Photographs from my early travels
A photo essay of me travelling in Asia
I started travelling long before Breathedreamgo was launched, long before I went to India in 2005 and long before digital cameras were invented. Recently, I dug out my old photo albums and scanned a bunch of photographs of me travelling around the world — to Asia, Europe, Central America and Australia. So, for a lark, here I am in in Tokyo, Japan and Bangkok and Koh Samui, Thailand in the 1990s.
In 1992, I moved with my then-boyfriend to Tokyo, Japan. He was working in the film business (for a cinema company), and I was a full-time tourist. I spent my days in Tokyo learning how to shop in the Daimuru supermarket — I had to take lessons, I kid you not — and how to negotiate the bus-and-train system. I bought a book written by an expat in Tokyo called You can’t there from here to give you an idea how complex it is. The highlight of my year in Japan was taking the bullet train to Kyoto, the Paris of the East, by myself during Himani (Cherry Blossom Festival) and staying at a 300-year-old ryokan (traditional Japanese inn) and sleeping on the matted ground.
While we were in Japan, we travelled to Australia and Hong Kong for business and Thailand for pleasure. It was a few months after an uprising, and tourism was way down. We stayed at the world’s top-rated hotel at the time, The Oriental in Bangkok; and flew down to Koh Samui and stayed in a perfect Thai-style bungalow on the beach. At that time, it was the best vacation of my life. In the top picture, above, I am celebrating after finding an out-of-the way restaurant in Bangkok listed in my guidebook. Below, a rainy day in paradise.
One of my favourite places in Japan, aside from Kyoto, was a small, traditional seaside town we visited called Shimoda.

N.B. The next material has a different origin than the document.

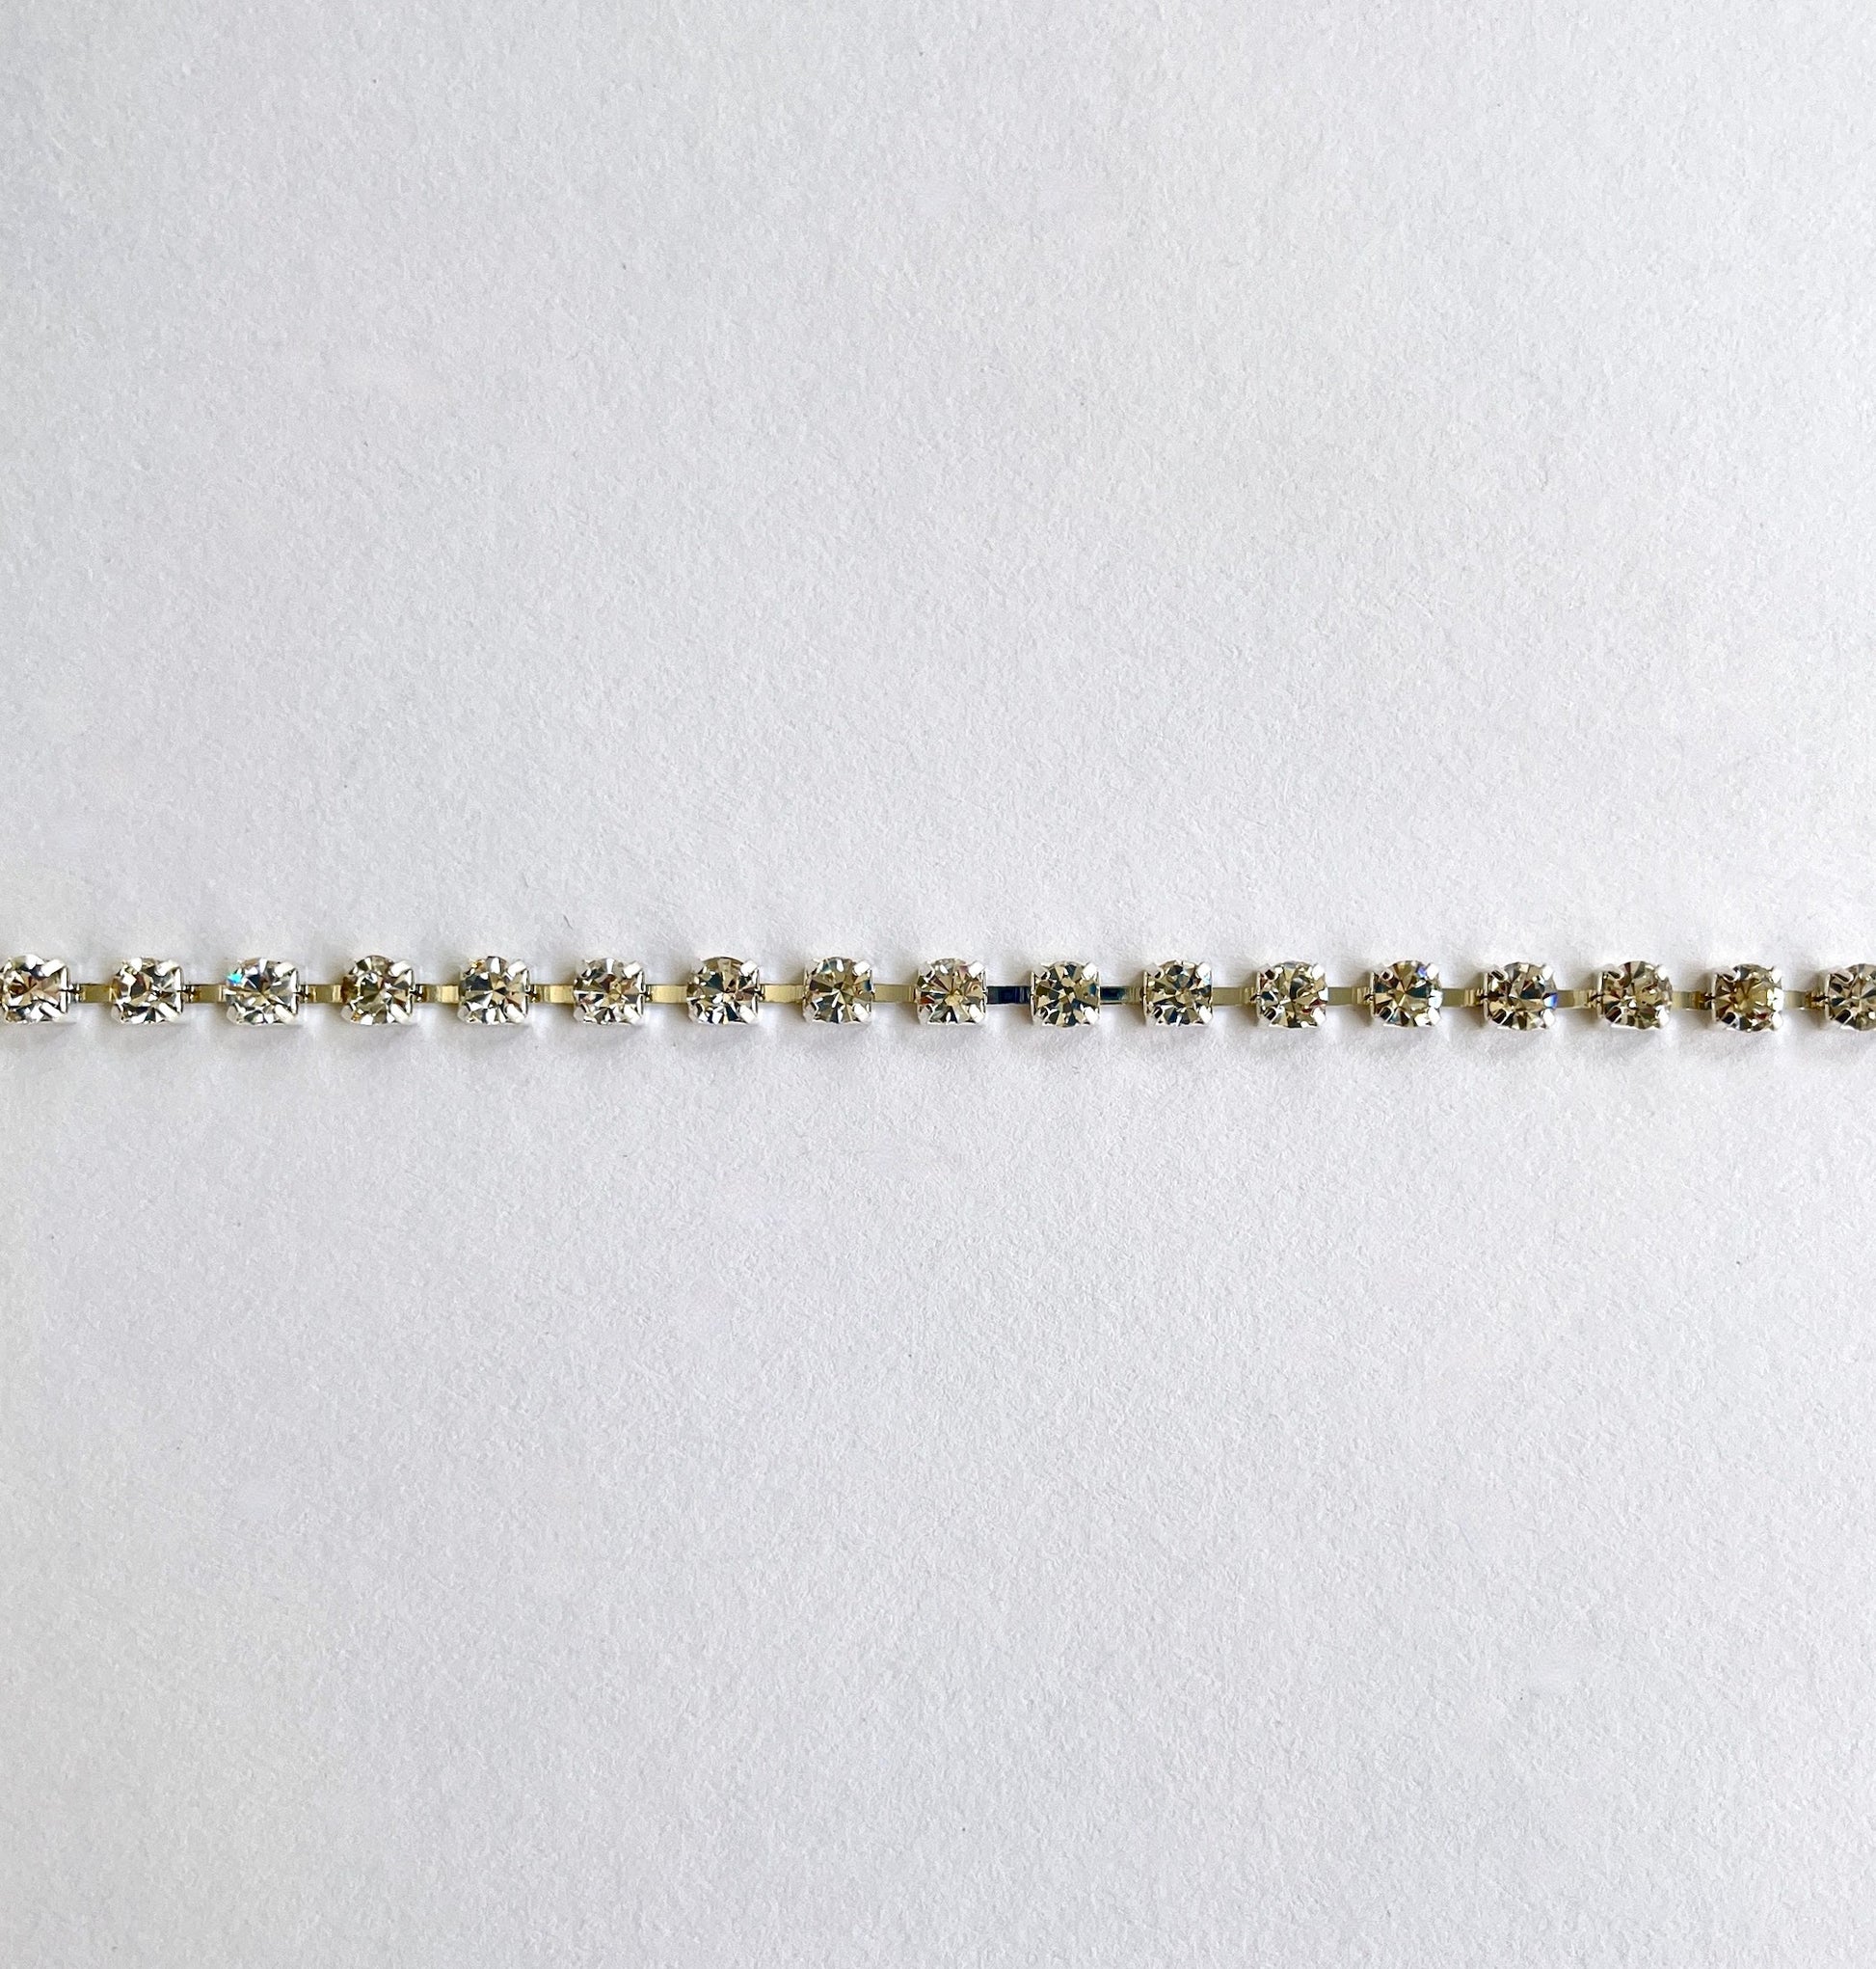 Sparkly rhinestone trim - premium high grade diamanté crystals set in a flexible metal chain casing. Popular for bridal wear, evening wear, crafts, jewellery and headband making.

The traditional Japan of legend lives on in this town, where you could still see people walking in the streets in print-block robes and wooden shoes after bathing in natural hot springs; and sipping tea and sake in small cafes like the one pictured below. I will never forget the seafood nor the gardens filled with hydrangeas. There is a a historical park in Shimoda dedicated to the “opening of Japan” and featuring a bust of Jimmy Carter. They love Jimmy Carter in Japan. George Bush Sr. not so much. (I was in Japan was he threw up on the prime minister.)